La véritable histoire est bien connue : c’est celle d’idées, d’intentions, de concepts qui enflamment vaguement l’imagination mais ne dépasseront jamais le stade du papier glacé du dossier de presse, parce qu’ils n’ont, au fond, été conçus que comme des arguments de marketing, à l’instar de l’accroche sur l’affiche (« La lâcheté a enfin un nom !»). La parodie, ici, n’est pas neuve, mais se veut prometteuse : faire de Robin des Bois un sinistre crevard sans foi ni loi qui vole les pauvres parce que voler les riches est trop dangereux, de Marianne un laideron, de Petit Jean un chef de bande à l’haleine de chacal, du shérif de Nottingham un… On pourrait faire l’inventaire de toutes les idées rigolotes qu’ont eues Max Boublil, coscénariste et acteur principal, et son copain réalisateur Anthony Marciano. La liste n’est pas si longue, mais elle est surtout inutile : jamais cette panoplie parodique ne donnera forme à quoi que ce soit à l’écran, malgré toutes les gesticulations qu’on y verra.

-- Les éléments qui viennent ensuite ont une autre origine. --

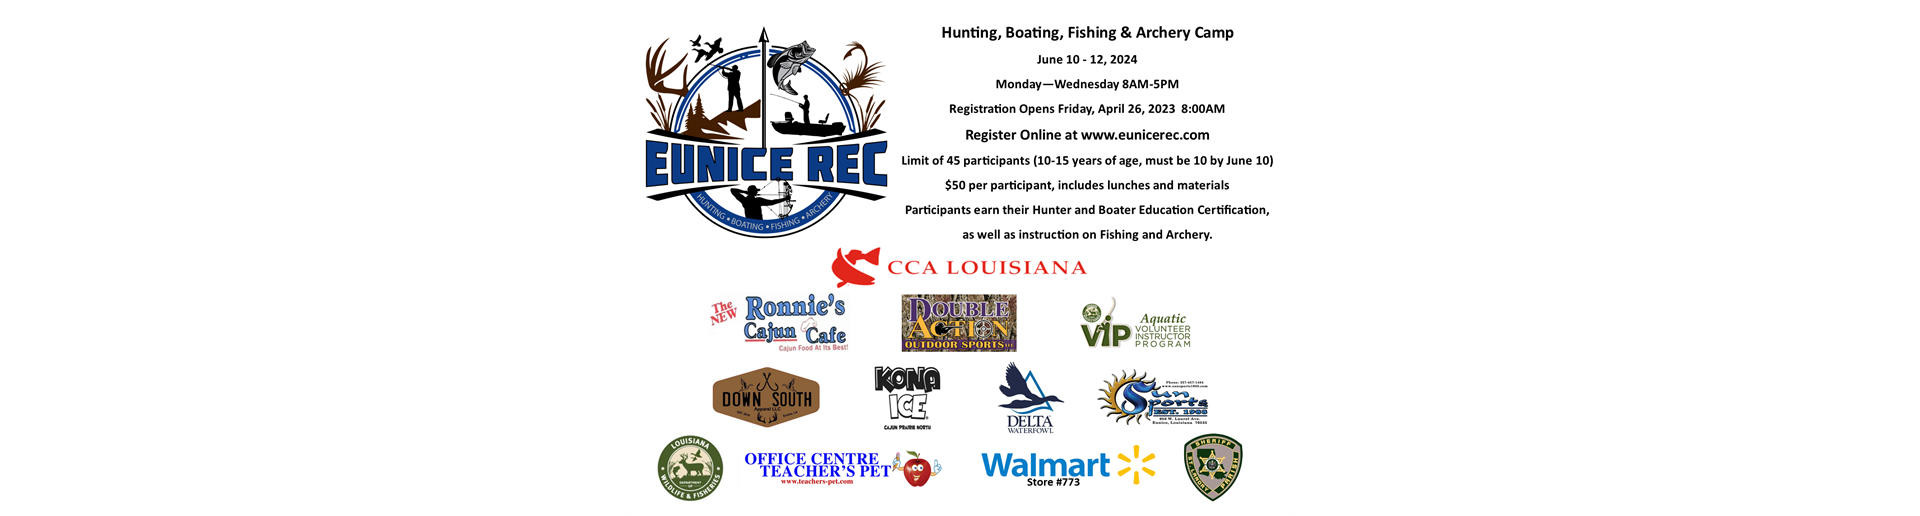 Hunting, Boating, Fishing & Archery Camp

Robin des Bois, la véritable histoire n’est rien d’autre qu’une émanation costumée du triste tout-venant du comique télévisuel français : les gags — en majorité un débit de vannes, Boublil n’étant apparemment pas décidé à muer ses tics de stand-up français en vrai talent comique — ne servent pas la parodie, mais lui font barrage en n’existant que pour eux-mêmes. Et il faut voir avec quel désespoir la machine à faire rire racle les fonds de tiroir de l’humour, tâchant de boucher le moindre temps mort, au mépris de toute pensée comique cohérente : ainsi certains gags seront-ils répétés une fois, comme pour amorcer un running-gag, mais abandonnés juste après… Du coup, les gags, on ne voit qu’eux, leur profusion, leurs efforts pour nous arracher un éclat de rire assez vite pour nous empêcher de réaliser qu’ils vont du consternant (ici on vanne encore sur les fautes de français…) au franchement embarrassant (les piques envers les minorités prenant ici un tour bien mesquin).
Les Seigneurs de Sherwood
Si Robin des Bois est ici une racaille à la petite semaine, l’arnaque primordiale se trouve dans le titre du film : le mot « véritable ». Car rien n’est vrai ici, rien ne s’incarne, ni les personnages, ni la lâcheté vantée sur l’affiche, ni même le film (entre mise en scène absolument informe et acteurs à la dérive des tics télévisuels), encore moins la pseudo-impertinence agressivement brandie (sous le prétexte des personnages affreux, sales et méchants) qui ne subvertit rien, n’étant en réalité que le symptôme d’une norme comique arrogante et antipathique. Bien sûr, cette absence totale de substance peut difficilement passer pour un accident. En coupant systématiquement court à toute velléité de mise en place (d’un personnage, d’une situation, d’une intrigue, de n’importe quoi), il s’agit de maintenir l’emprise sur le spectateur en le gardant dans un état de régression calculée et autoritaire. Ne pas se fier à ces faux airs de Kaamelott trash : tandis que le sens de l’absurde de la bande à Astier a su formuler, pourtant au sein de la même télévision, un petit monde abstrait, habité et ouvert, Boublil et ses comparses n’invitent qu’à se recroqueviller avec eux sur un néant fait de bêtise crasse et auto-satisfaite, celle qu’on flatte pour faire rire sans qu’elle soit drôle. Un sous-titre lui sera tout trouvé : Les Seigneurs de Sherwood — peu de chose à voir avec des braqueurs justiciers, mais bien plus avec une autre purge signée Olivier Dahan.